Iterating a floating point range in C++

Question

I would like to iterate over a range of floating point numbers, such as in the following example.

for (double d = 1.0; d <= 2.0; d += 0.1)
{
   cout << d << endl;
}

Because it is impossible to represent 0.1 accurately, the last value of 2.0 is not printed.

How can I ensure that the last value in this case and similar cases is not omitted?

Answer 1

Loop over integers, and divide by a floating point number:

#include <iostream>
#include <iomanip>

int main()
{
  std::cout << std::setprecision(1) << std::fixed;

  for (int d = 10; d <= 20; ++d)
  {
     std::cout << d/10. << std::endl;
  }
}

Output:

1.0
1.1
1.2
1.3
1.4
1.5
1.6
1.7
1.8
1.9
2.0

Answer 2

Due to floating point numbers not being accurate in such kind of situations I usually work around by "emulating" them through integers. At least for simple cases like this one.

for (int i = 10; i <= 20; ++i)
{
   cout << i / 10.0 << endl;
}

That should give you the closest you can get with floating points for any of the values.

Answer 3

If you're using fixed increments (like in your example), one way is to use integers:

for (int i = 10; i != 20; ++i)
{
   cout << (i / 10.0) << endl;
}

Answer 4

It would be best to use and update an integer value to control your loop. And a use and update a floating point value to use to output. I'm assuming your real-world case is a little more complex than this.

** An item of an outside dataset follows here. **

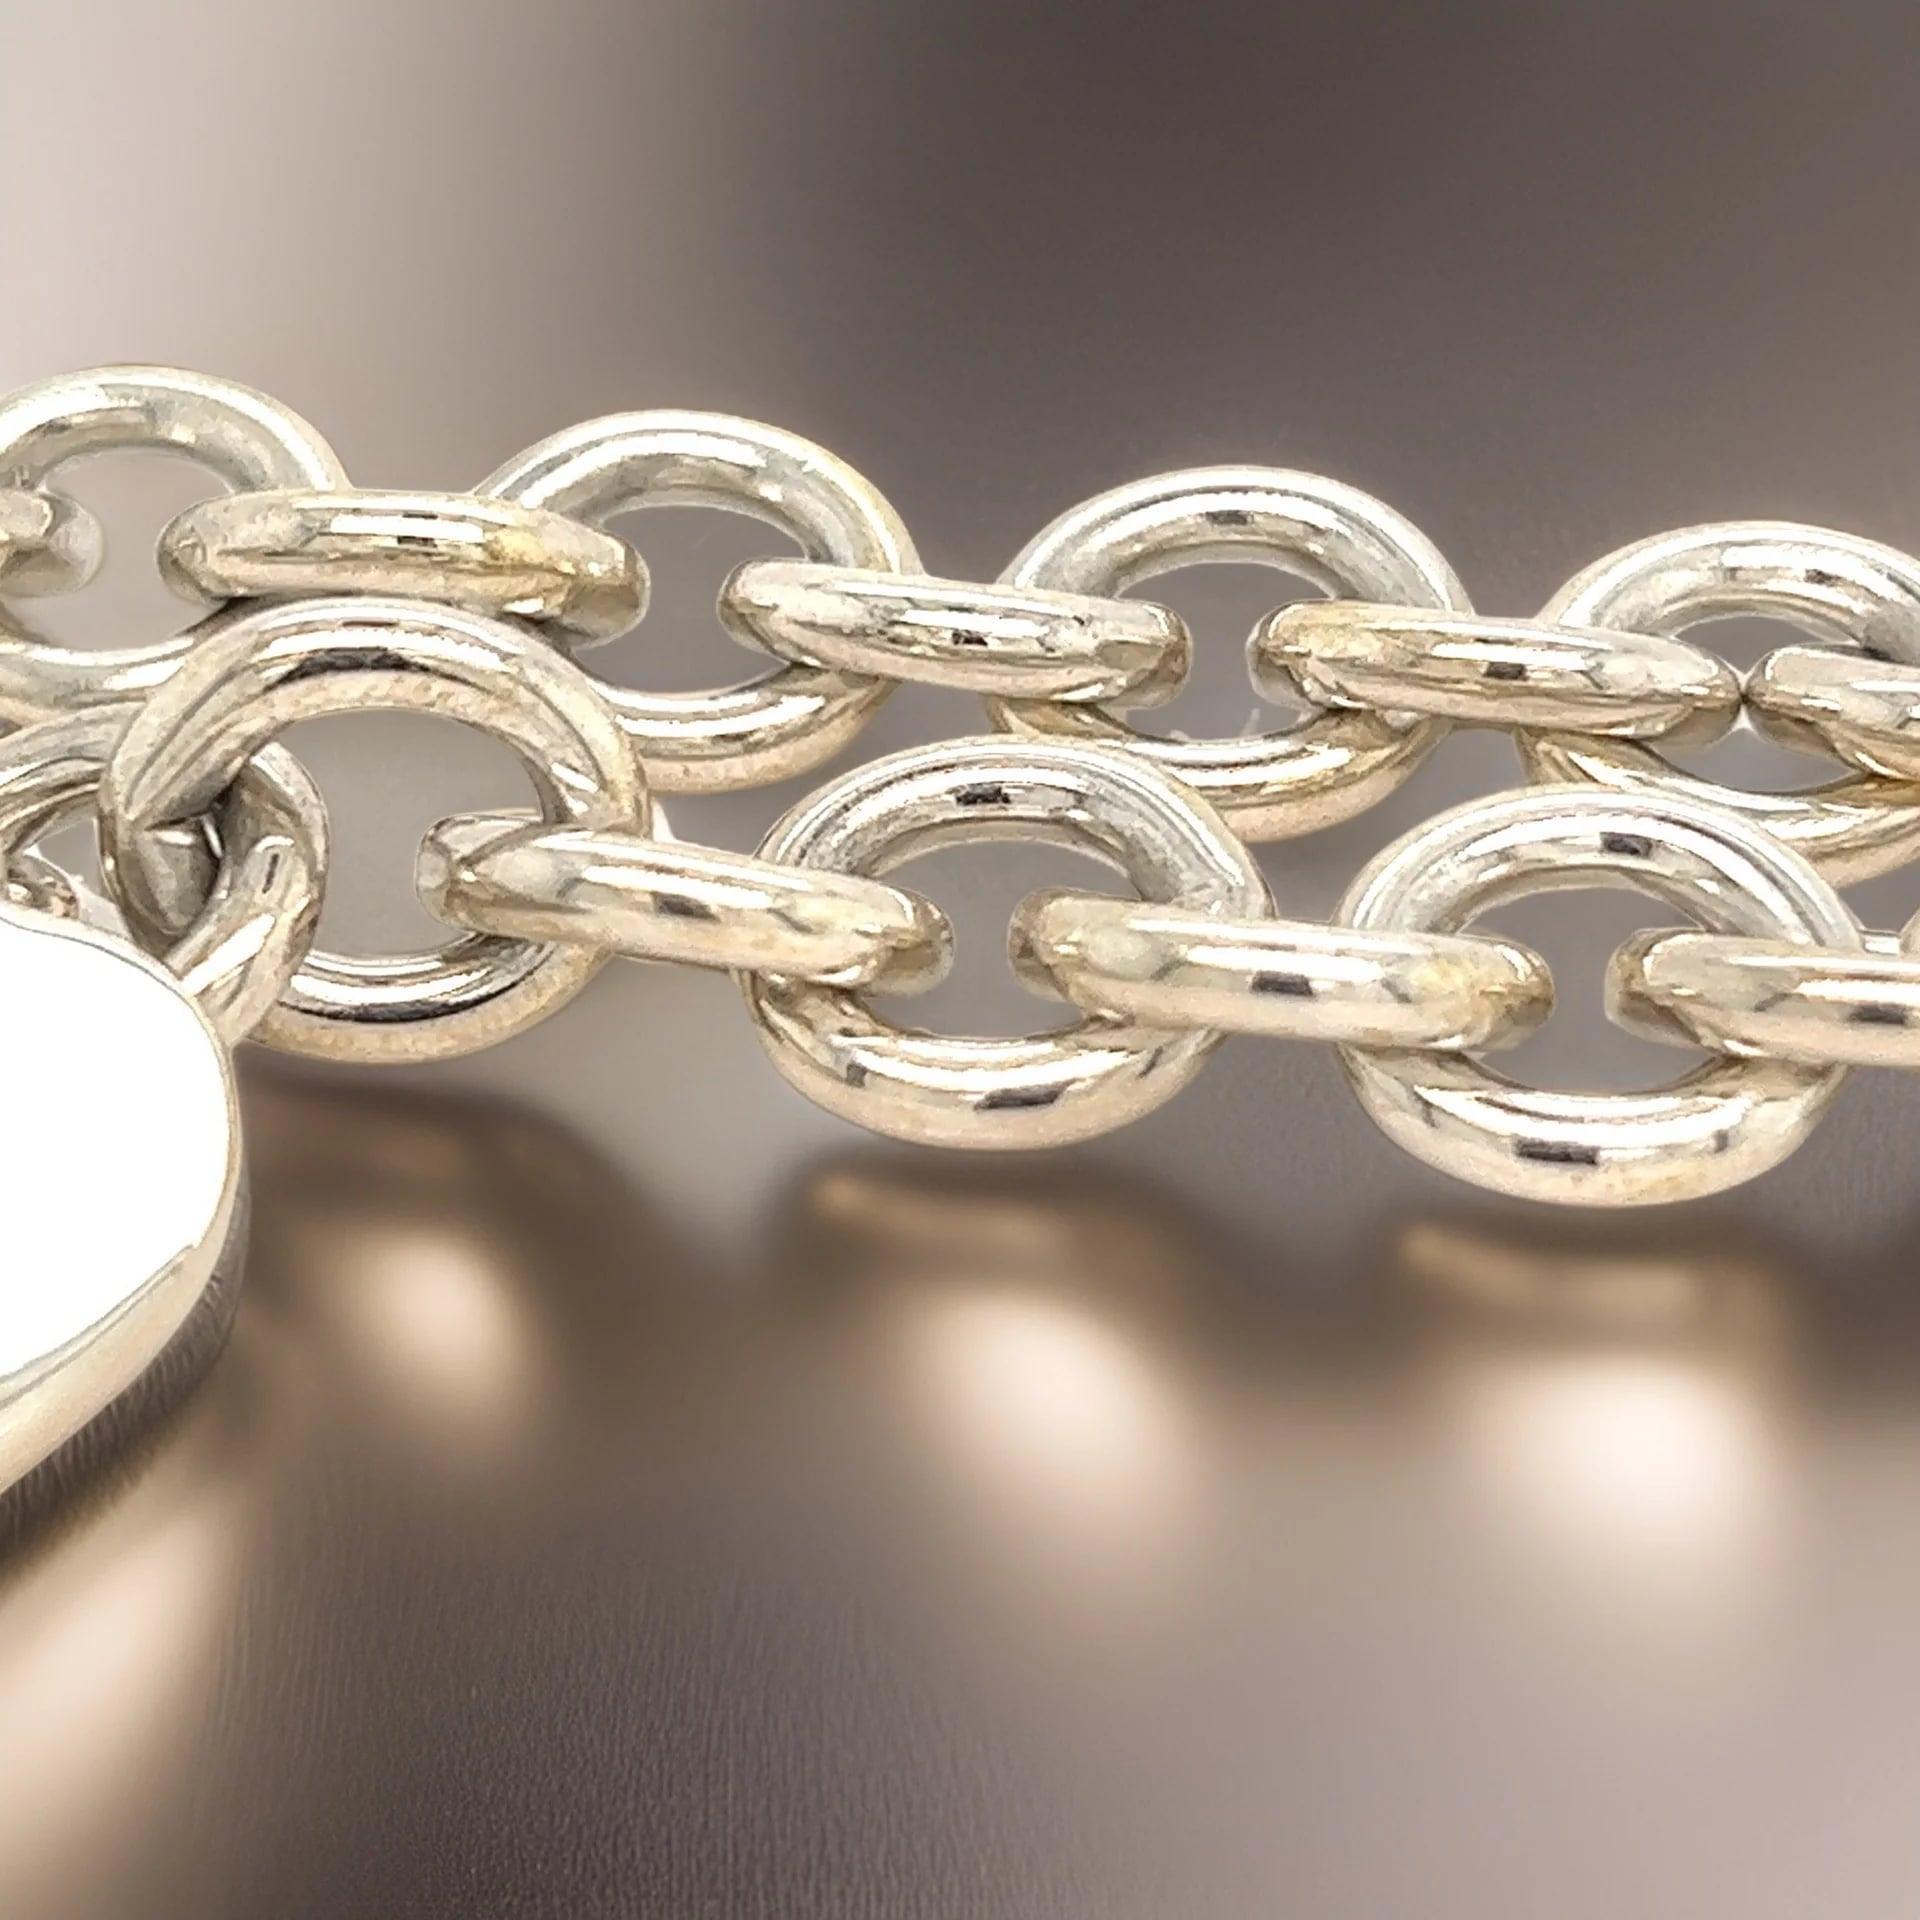 Tiffany & Co Estate Heart Bracelet 7.5

This will execute the loop the correct number of times and save on int to float conversions. The double value will be accurate so long as you don't loop too many times or let it get too big, then you will start getting rounding errors. In general you can come up with ways to correct for this, but with a loop of size/range it's a non-issue.

double d = 1.0;
for (unsigned i = 0; i <= 10; ++i, d += 0.1)
{
   cout << d << endl;
}

If you want to avoid cumulative round-off error from adding 0.1, it can be done like this:

double d = 10.0;
for (unsigned i = 0; i <= 10; ++i, d += 1.0)
{
   cout << (d / 10.0) << endl;
}

This is more accurate because small whole numbers can be represented accurately in a floating point format. However it costs a floating point division, but still avoids the int-to-float conversions.

Answer 5

for (double d = 1.0; d <= 2.02; d += 0.1)
{
   cout << d << endl;
}

Comparing double to be equal is hard work, but slight increase it will do the trick.